Monday, September 13

trng soon!
and im not sure how to get there. gahh.

NEED TO GET EGGEN AT 7PM! but there is training at 7PM! AHH!! )):

Saturday, September 11

apparently! my phone is atas wor. shrugs! i reaaallly didnt even know oops.
now i look richer than i already do. HA. ):

i will miss jenelle and her cm [ ] (cm squared) hahaha.

Friday, September 10

i've got alot on my mind right now and i mean really alot! i dont know what to start thinking first. i feel i need dumbledore's pensieve to take out some thoughts for a little while and get back to them after i've settled the easier ones.

i dont even know how i feel right now.

why now? why two at the same time? for years you two made me feel like i dont mean a thing to you. and now both on the same day showed me that i actually meant something to you. its just... overwhelming.

1; thanks for that. i appreciate it. but i just dont know how to reply. well.. not just yet. i am not capable of such.. such.. well-phrased emails.. but i will get down to it when i've thought through what i wanted to say. i dont want to say the wrong things but for now, i know that the right thing to say would be.. sorry too for being an idiot 3 years ago. please give me some time.
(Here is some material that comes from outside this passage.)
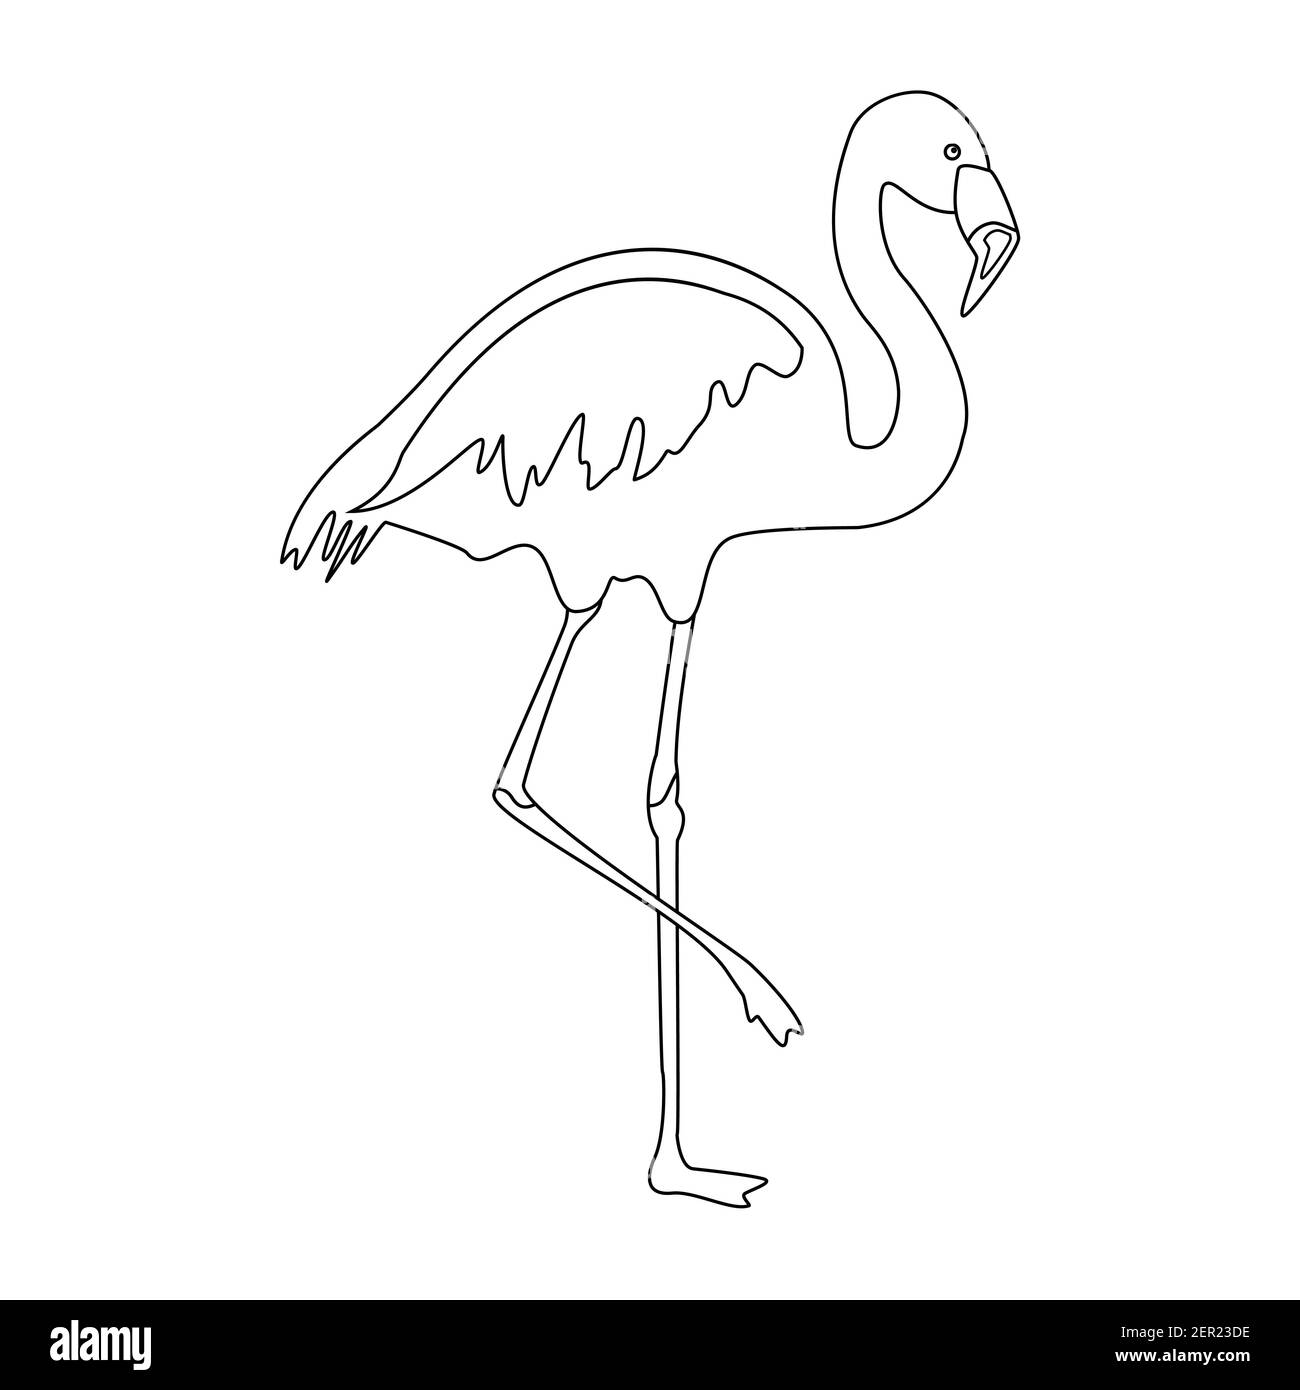 How To Draw A Flamingo Step by Step Drawing Guide by Dawn  DragoArt

2; never thought u would even think of me. thought you would be too busy with uni and everything else in your life. i wanted to reply you but see.. i've always been a listening ear to you(and still will be) but you never really made use of me much. you were my listening ear for awhile but it wasnt 'fair' if you didnt see me as a listening ear which is why i stopped. and true enough, you never bothered to let me be your listening ear. and im not so sure if you actually wanted to hear me.

work is omgnessly alot. i know there's alot more to come.
sigh.
thankful for bie who has been my constant support, who never fails to remind me of my one goal when i wanna give up. and its only been a week. yes. i went home crying. my grandma says im like a baby. im like.. weakkkkk ): no more motivation. thats what happens when i stop training proper. sigh. no direction no goal. immediate ones that is...
God is good.
God is fair.
yupps He sure is (:



When I'm with you Baby
All my worries disappear
Troubles that surround me
Disappear when you are near
When you need my loving
I'll be there
You know
When you need my loving
You know
Where to go

When I'm full of sadness
Nice to know you're always there
In this world of madness
Nice to know somebody cares
When I need your loving
You'll be there
I know
When I need your loving
I'll know where to go

When I'm with you Baby
I know you make me feel so good
When I'm with you Baby
You give me what nobody could
When you need my loving
I'll be there
You know
You know
When you need my loving
You know where to go


time flies when its time spent with you.

Sunday, September 5

so many things i wanna do!
watch house! finish reading my books! finish packing. shop for sandals. print stuff.
but at the moment, top of my to-do list would be to SLEEP.
super giddy. hahahah.
no not drunk. dont even know how drunk feels!

okok sleeeeep.
on a side note, my new phone rawks!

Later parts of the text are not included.